レースの焦点は、この2台のマクラーレンM12と風戸 裕選手のポルシェ908IIの対決に沸いていた。
11時過ぎローリング・スタートで始まった富士500Kmレースはまず酒井選手のマクラーレンのリードで30度バンクに各車突入して行った。まだ、マクラーレンM12は完走した事が過去になくポルシェ有利の前評判であった。

TOP : '71 Fuji GC Round 3 Fuji 500Km Heat 1 Race Rolling Start.
(C) Photograph by Hirofumi Makino.

1周目のヘアピンに現れたのはやはり酒井の深いオレンジのマクラーレン。続いてタナ・ケンの青いマクラーレン。そして風戸のポルシェが続く。ところがその後にピタリと小粒なマシンが続いている。田中 弘のシェブロンである。
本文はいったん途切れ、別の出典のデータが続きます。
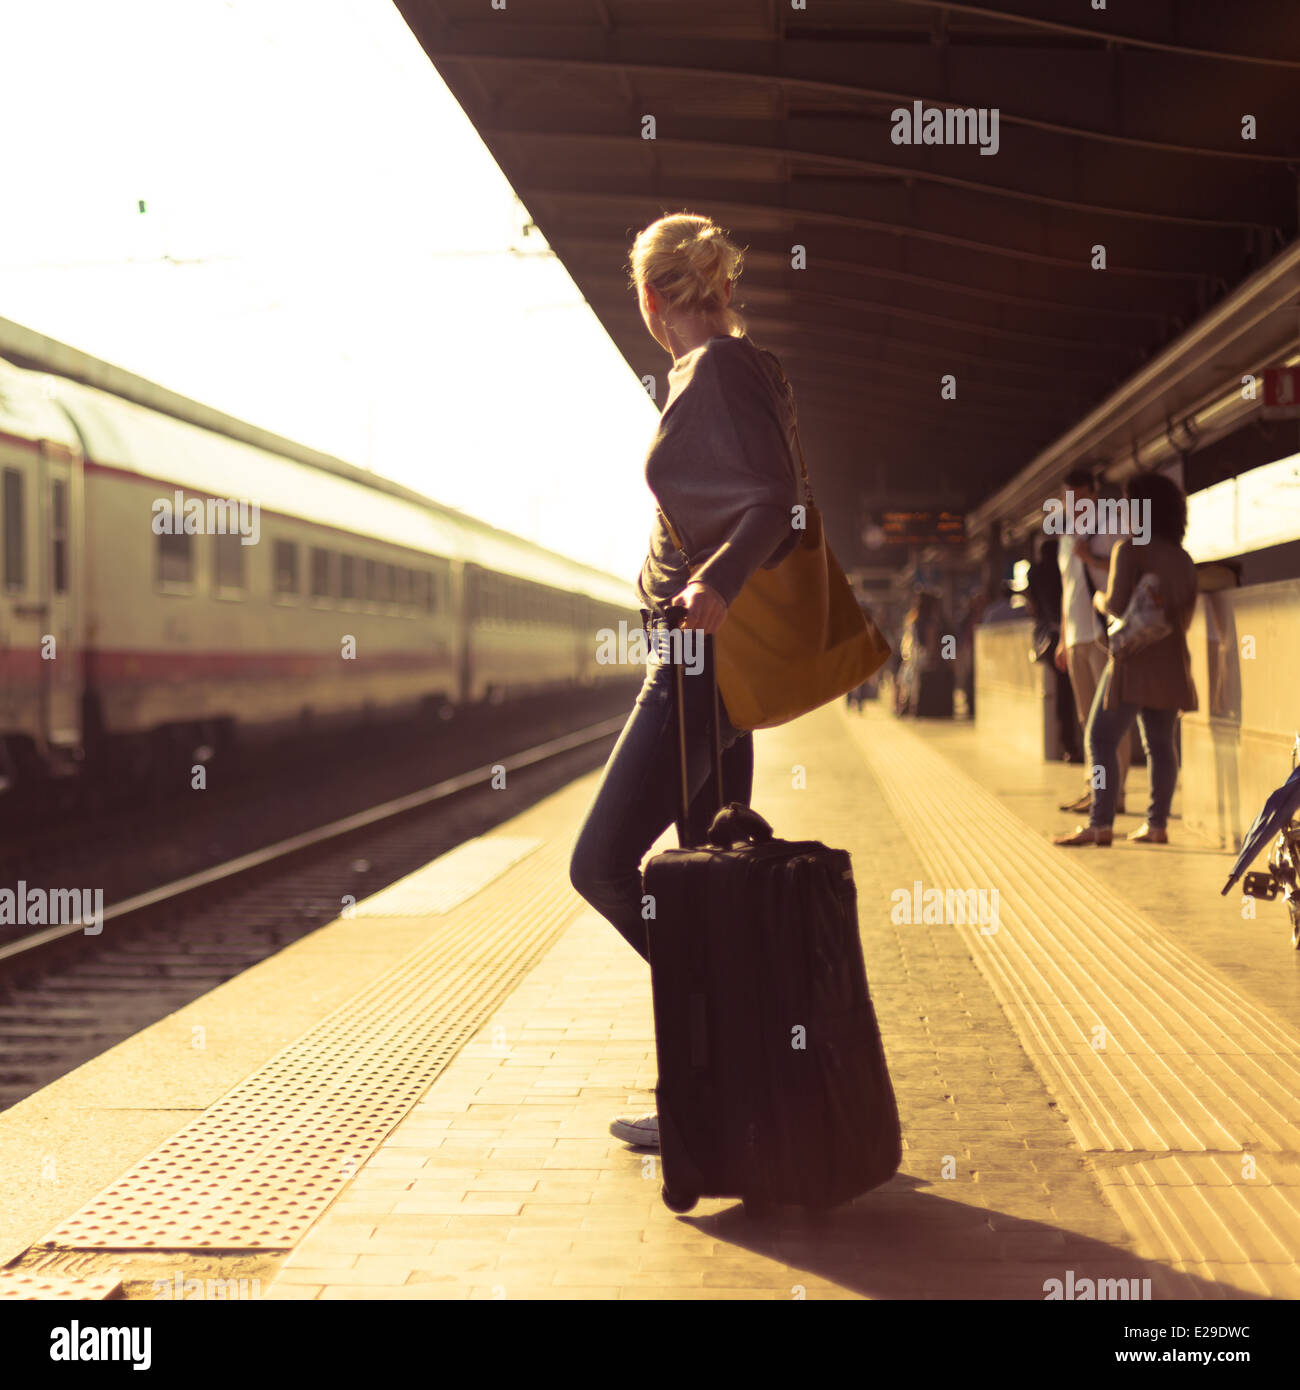 Помнится уезжая. Девушка на вокзале с чемоданом. Девушка на перроне вокзала. Фотосессия на вокзале с чемоданом. Девушка с чемоданом уходит.

今さらながら予選タイムを見ると1分52秒台でポルシェやタナ・ケンのマクラーレンと大差ないタイムを叩き出しているではないか。
軽量且つレスポンスが良いエンジン(当時のヨーロッパF2エンジンとほとんど変わらない)でビッグ・マシンたちをあおる姿は何か新鮮であった。
太陽はまさに真上に位置し、熱射病になってしまいそうな照りつけようだ。こんな日ドライブしているドライバーたちはきっと死ぬ思いでステアリングを握っていることだろう。
アサヒペンタックスSPでの流し撮りはなかなかうまくいかない。ちなみにH君はキャノンF1での撮影である。
長いヒート1レースがやっと終わった。合計6Kmフルコースを41周を2回行う耐久レースの第1幕が終わった。
ヒート1を制したのは不死身と言われている酒井 正のマクラーレンM12が1位となり嬉しい初完走となる。
しかし、ヒート1の表彰式で2位となったタナケンさんがマイクで話している。その時は良く聞き取れなかったのだがどうもヒート2を走らないらしいということはなんとか理解出来た。
後談であるが、その時タナケンさんは体力の限界を感じて引退声明をしていたんだと分かった。
ところで期待された風戸選手のポルシェ908IIはヒート1で痛恨のスピン、そしてその影響か足回りを傷めてリタイヤ。興味半減である。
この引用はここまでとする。